PHILADELPHIA- Stroke is one of the leading causes of death and disability in the United States, but access to rapid EMS care and appropriate stroke care centers with the ability to deliver acute stroke therapies can drastically mitigate the debilitating effects of a stroke. A population-based approach to health planning would prevent disparities in access to specialized stroke care, says new Penn Medicine research. Their evaluation of access to stroke centers in the U.S. found that even under the most optimal conditions, a large proportion of the United States population would be unable to access a comprehensive stroke center within 60 minutes. The study is published in the current issue of Neurology.
In 2003, a system of designation of stroke care centers was initiated by The Joint Commission. The tiered approach designated acute stroke-ready hospitals, primary stroke centers (PSC) and comprehensive stroke centers (CSC) in order of increasing resources and capabilities. While certification of PSCs began in 2003, certification of CSCs did not commence until 2012, and were not yet in place at the time of this research.
"We sought to demonstrate how mathematical modeling can inform the strategic development of the U.S. network of stroke centers by stimulating the conversion of PSCs into CSCs," says lead author, Michael Mullen, MD, assistant professor of Neurology at the Perelman School of Medicine at the University of Pennsylvania and director of Penn's Comprehensive Stroke Center.
Mullen and his team obtained population counts and geographic data from the 2010 Neilson-Claritas Census Estimations. Access to hospitals was calculated by ground and air transportation with the hospital that would contribute the maximal population access selected as the first CSC. Using the team's proprietary algorithm, CSCs were added in an iterative matter that would offer the greatest ground and air access for the surrounding population to a maximum of 20 CSCs.
As of December 31, 2010, there were 811 PSC-designated hospitals to which 66 percent of the U.S. population had 60 minute ground access. The team's analysis found that after the addition of up to 20 CSCs per state, 63.1% of the U.S. population would have 60 minute ground access to a CSC. And, averaging across states, the median population with 60-minute ground access to a CSC was 55.7%, but there was significant variability across states. Incorporating air ambulance transport into the model showed that median population with 60-minute ground or air access to a CSC was 85.3%, but variability across states persisted.
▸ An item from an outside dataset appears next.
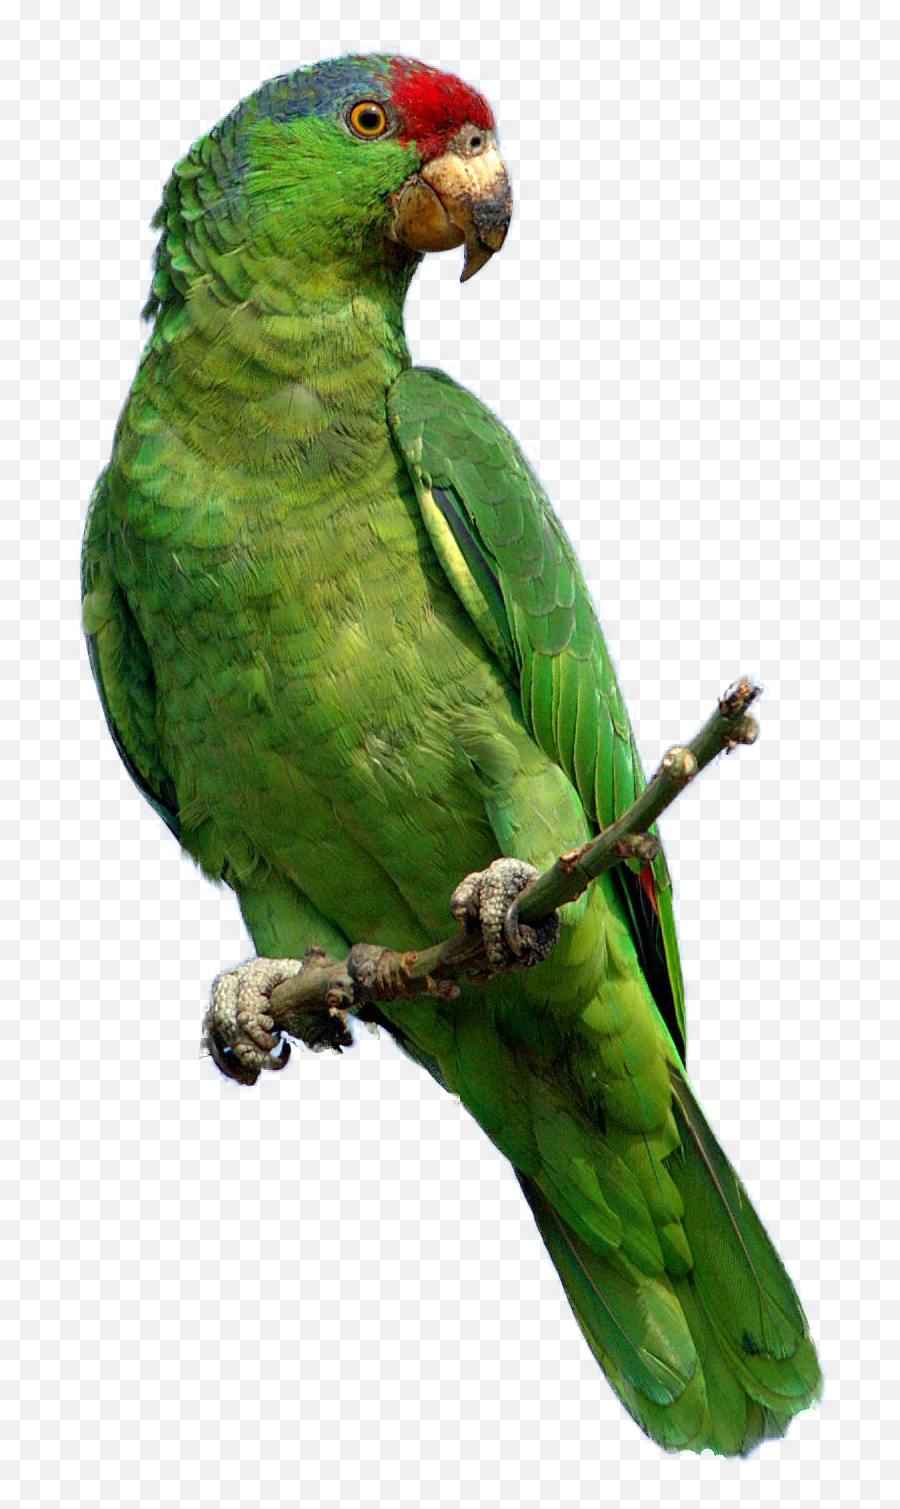 Download Free Png Background - Parrotgreentransparent Parrot Png,Green Transparent Background

Their analysis also found that median ground access in the stroke belt states, including Alabama, Arkansas, Georgia, Louisiana, Mississippi, North Carolina, South Carolina, and Tennessee, was worse, with a median of 32 percent of the population with 60-minute ground access versus 59 percent in non-stroke belt states.
Even with the most optimally located CSCs throughout the country, the team found that roughly one-third (37 percent) of the US population, 114 million people, would be unable to access a CSC by ground transportation within 60 minutes. Allowing for air transportation improved access, researchers report, but in one-quarter of the U.S., less than 60 percent of the population had ground OR air access to a CSC.
"Our results highlight the need for population-based planning for developing systems of care," says Mullen. "Given finite resources, it is critically important to locate CSCs in a way that maximizes population access."
The study was supported by the Agency for Healthcare Research & Quality.
Additional Penn authors include Charles C. Branas, PhD; Scott E. Kasner, MD, MS; and Brendan G. Carr, now with the department of Emergency Medicine, Thomas Jefferson University.